(Stored data begins)

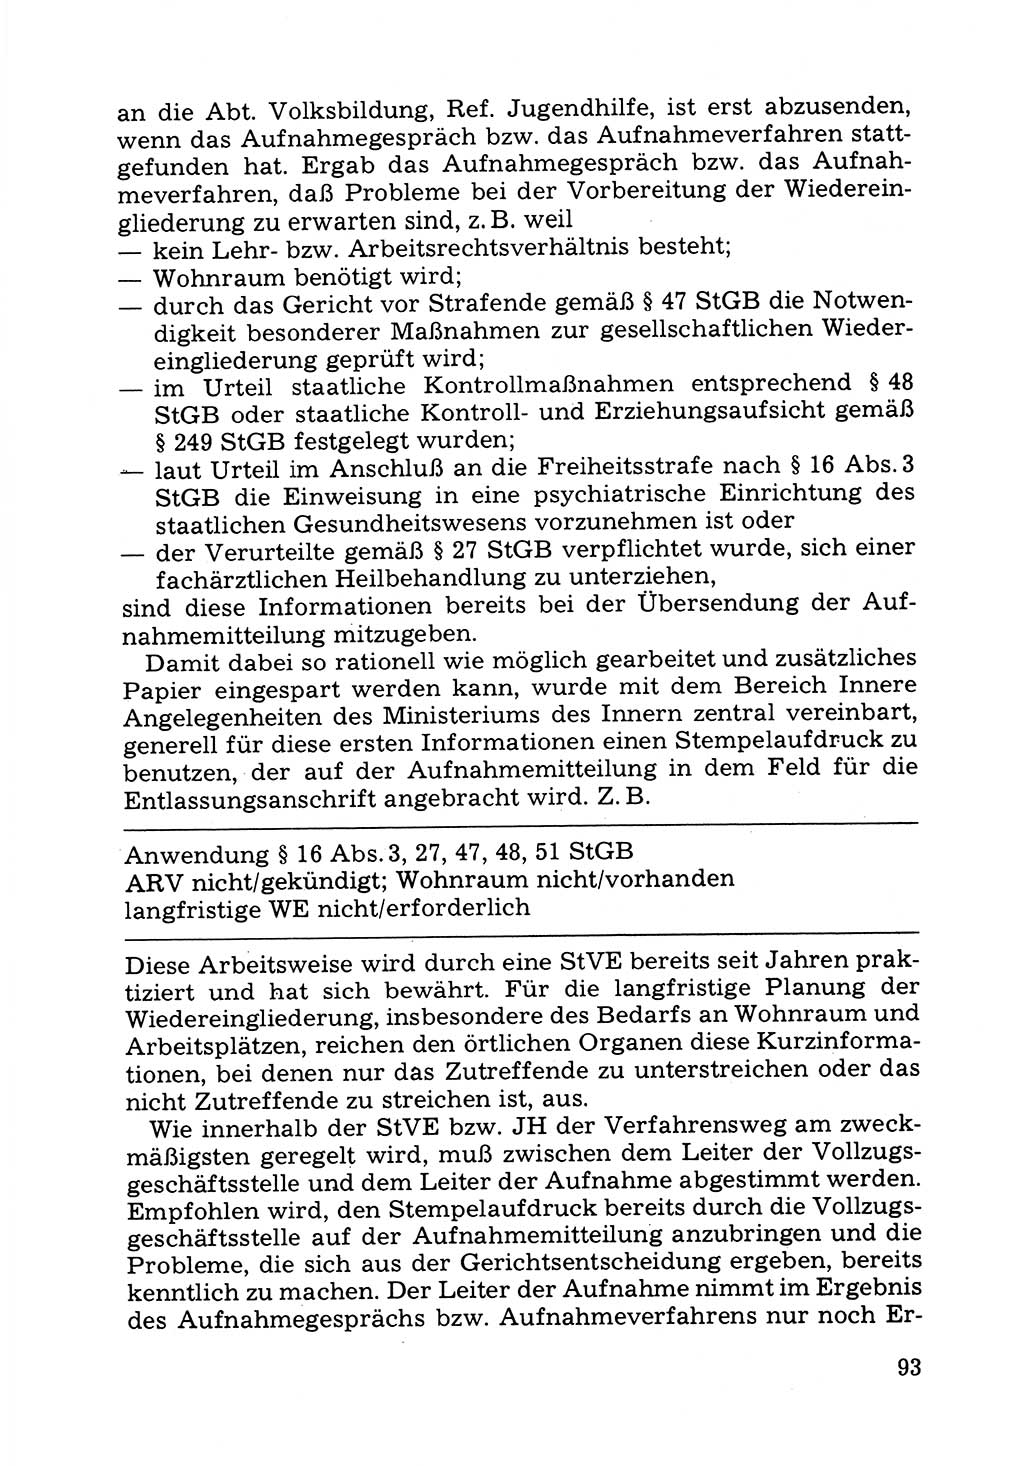 Verwaltungsmäßige Aufgaben beim Vollzug der Untersuchungshaft (U-Haft) sowie der Strafen mit Freiheitsentzug (SV) [Deutsche Demokratische Republik (DDR)] 1980, Seite 93 (Aufg. Vollz. U-Haft SV DDR 1980, S. 93)
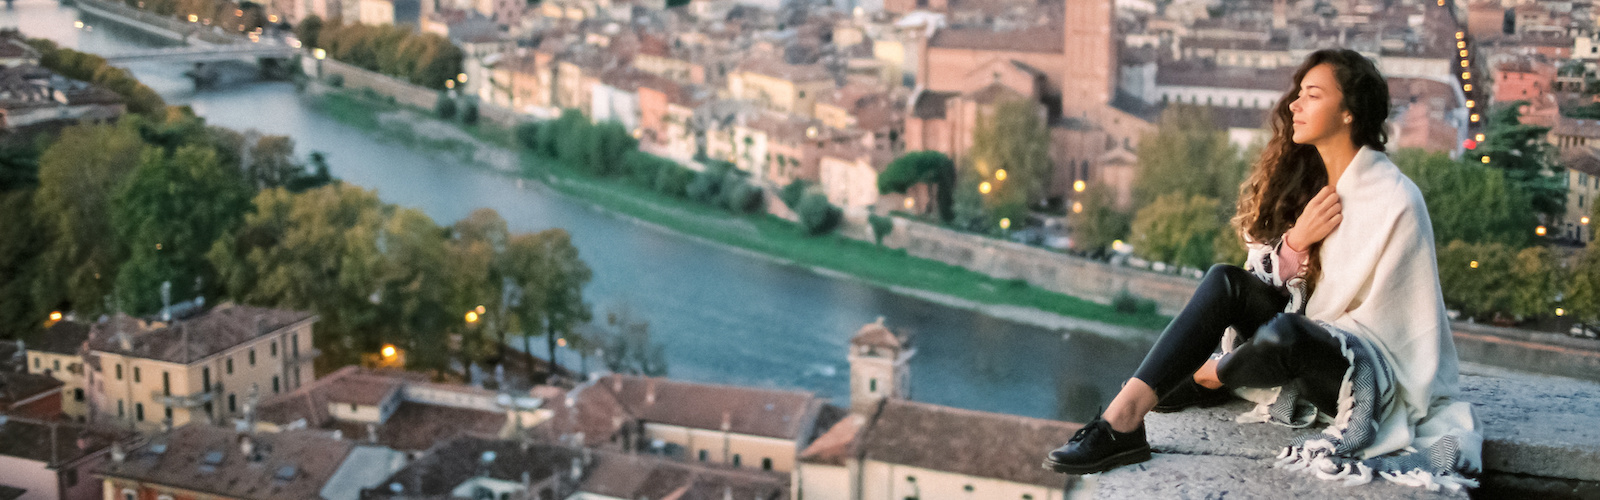 Premiazione concorso fotografico e inaugurazione mostra “Racconta la Verona che cambia in un click” Una mostra fotografica che documenta le trasformazioni nei quartieri di Verona e le pone a confronto con foto d’archivio
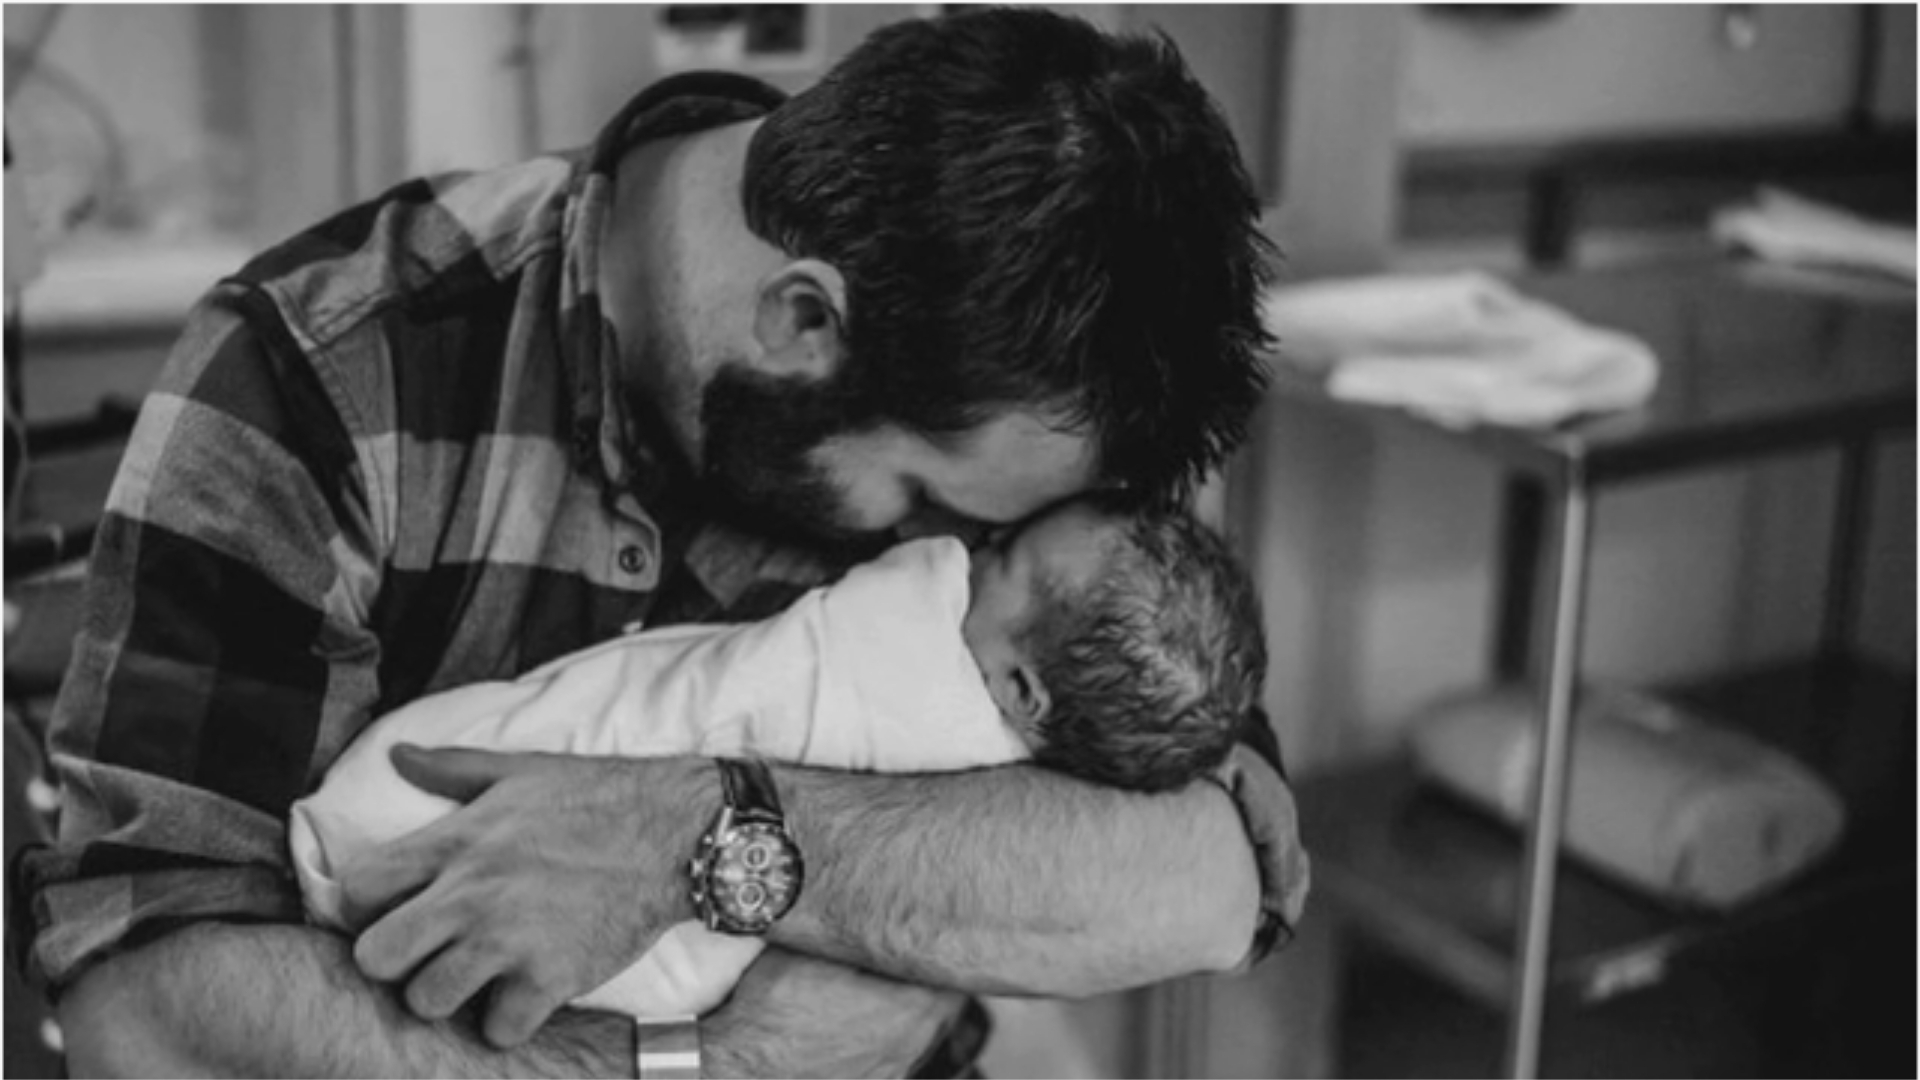 Отец встречается с дочерью. Папа с малышом на руках. Мужчина с ребенком на руках. Трогательные фотографии. Трогательный момент.

(Stored data ends)

◆ What to produce: Quote the material in full and exactly; do not carry over its pictures.

◆ Response:
 Verwaltungsmäßige Aufgaben beim Vollzug der Untersuchungshaft (U-Haft) sowie der Strafen mit Freiheitsentzug (SV) [Deutsche Demokratische Republik (DDR)] 1980, Seite 93 (Aufg. Vollz. U-Haft SV DDR 1980, S. 93)
 Premiazione concorso fotografico e inaugurazione mostra “Racconta la Verona che cambia in un click” Una mostra fotografica che documenta le trasformazioni nei quartieri di Verona e le pone a confronto con foto d’archivio
 Отец встречается с дочерью. Папа с малышом на руках. Мужчина с ребенком на руках. Трогательные фотографии. Трогательный момент.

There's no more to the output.